Fetching millions of rows in Python w/ psycopg2
I ran into an issue with psycopg2
getting "stuck" on querying a large result set. cursor.execute("...")
would run fine and so would cursor.fetchone()
, but cursor.fetchmany(BATCH_SIZE)
with a moderate value of BATCH_SIZE=100
would get stuck _.
It seemed to take an awful lot of time to fetch just 100 rows of the result set. The query wasn't too complex so it should've executed fairly quickly. Looking at RDS logs, everything looked fine.
Turned out that psycopg2 fetches the entire result set to the client by default — unless you use a named cursor (server-side cursor). When you use a named cursor, the result set is maintained on the server-side allowing you to fetch rows as necessary. You can also control the no. of records fetched over the network in each go by setting the cursor.itersize
property to a reasonable value (default 2000).
#!/usr/bin/python
import psycopg2
def main():
conn_url = 'postgresql://{username}:{password}@{host}:{port}/{dbname}'.format(
username='',
password='',
host='',
port='',
dbname='')
conn = psycopg2.connect(conn_url)
cursor = conn.cursor(name='fetch_large_result')

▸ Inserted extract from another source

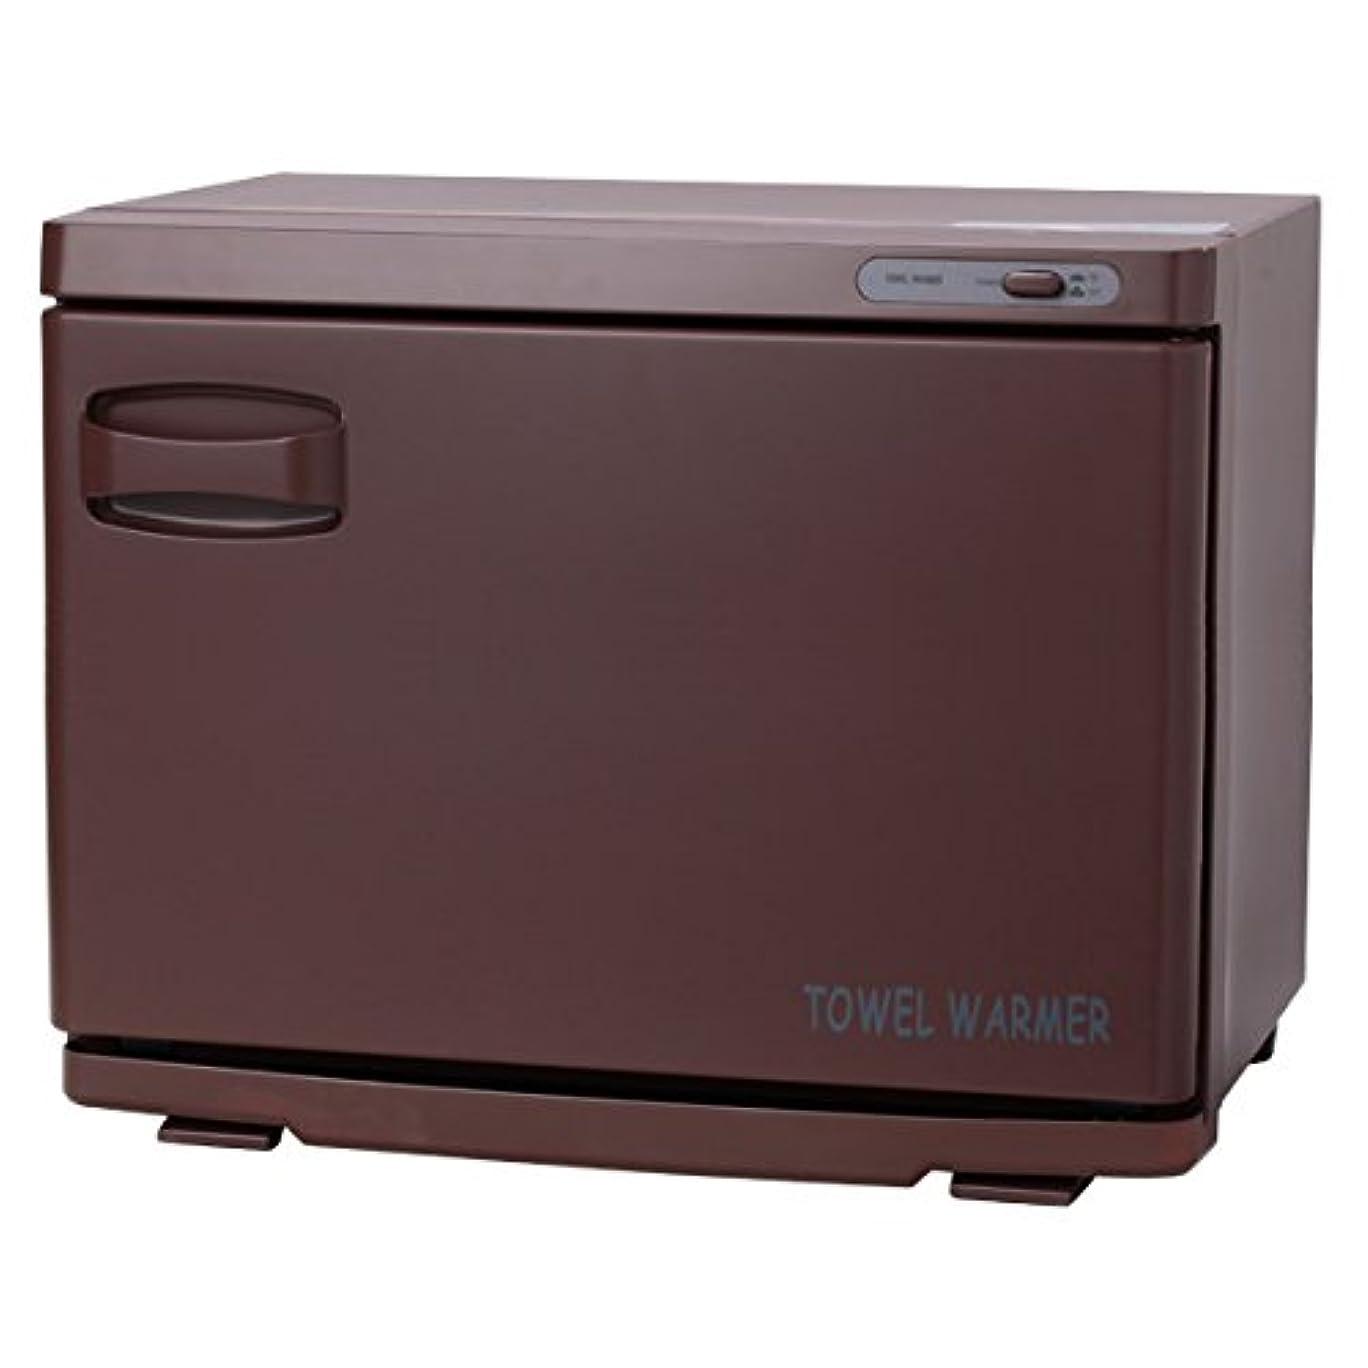 混乱したずんぐりした装置タオルウォーマー ブラウン ( 前開き ) 18L 業務用 タオル蒸し器 おしぼり蒸し器 保温器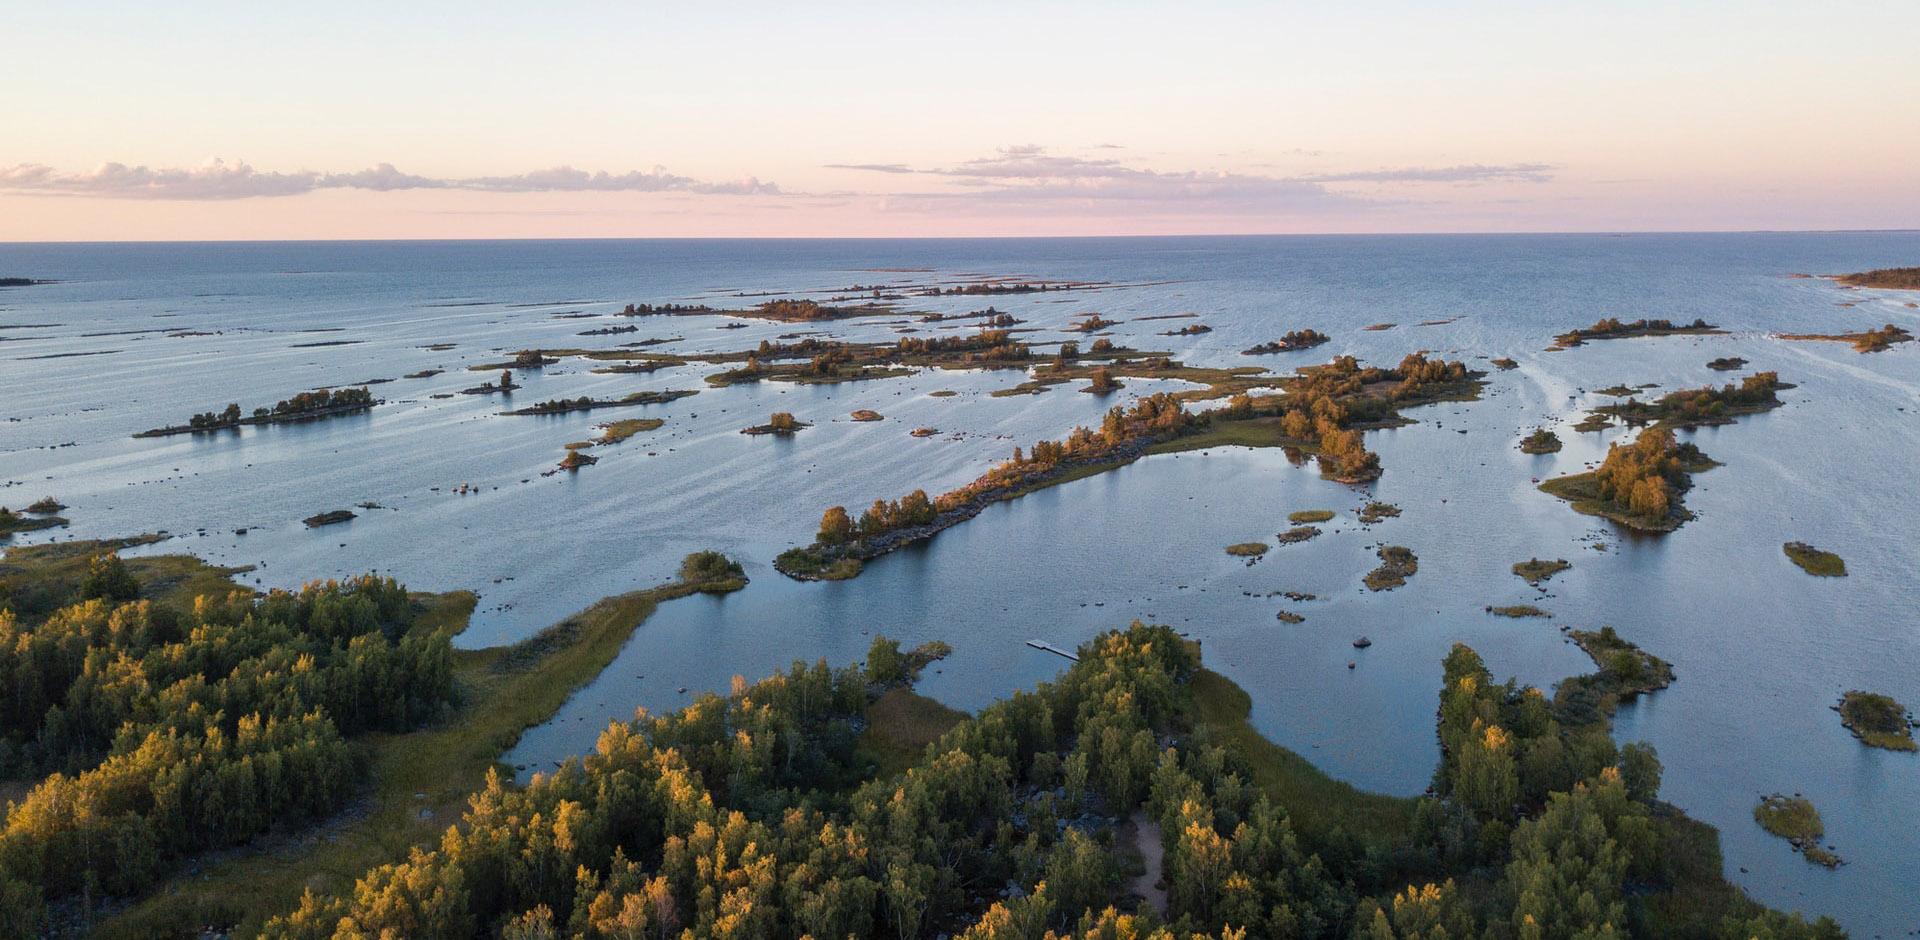 Kvarken Północny - cieśnina w środkowej częsci Zatoki Botnickiej. Od 200 roku wpisana na listę Światowego Dziedzictwa Kulturowego i Przyrodniczego Ludzkości organizacji UNESCO.

cursor.execute('SELECT * FROM <large_table>')
while True:
# consume result over a series of iterations
# with each iteration fetching 2000 records
records = cursor.fetchmany(size=2000)
if not records:
break
for r in records:
# do something with record here
cursor.close() # don't forget to cleanup
conn.close()
if __name__ == "__main__":
main()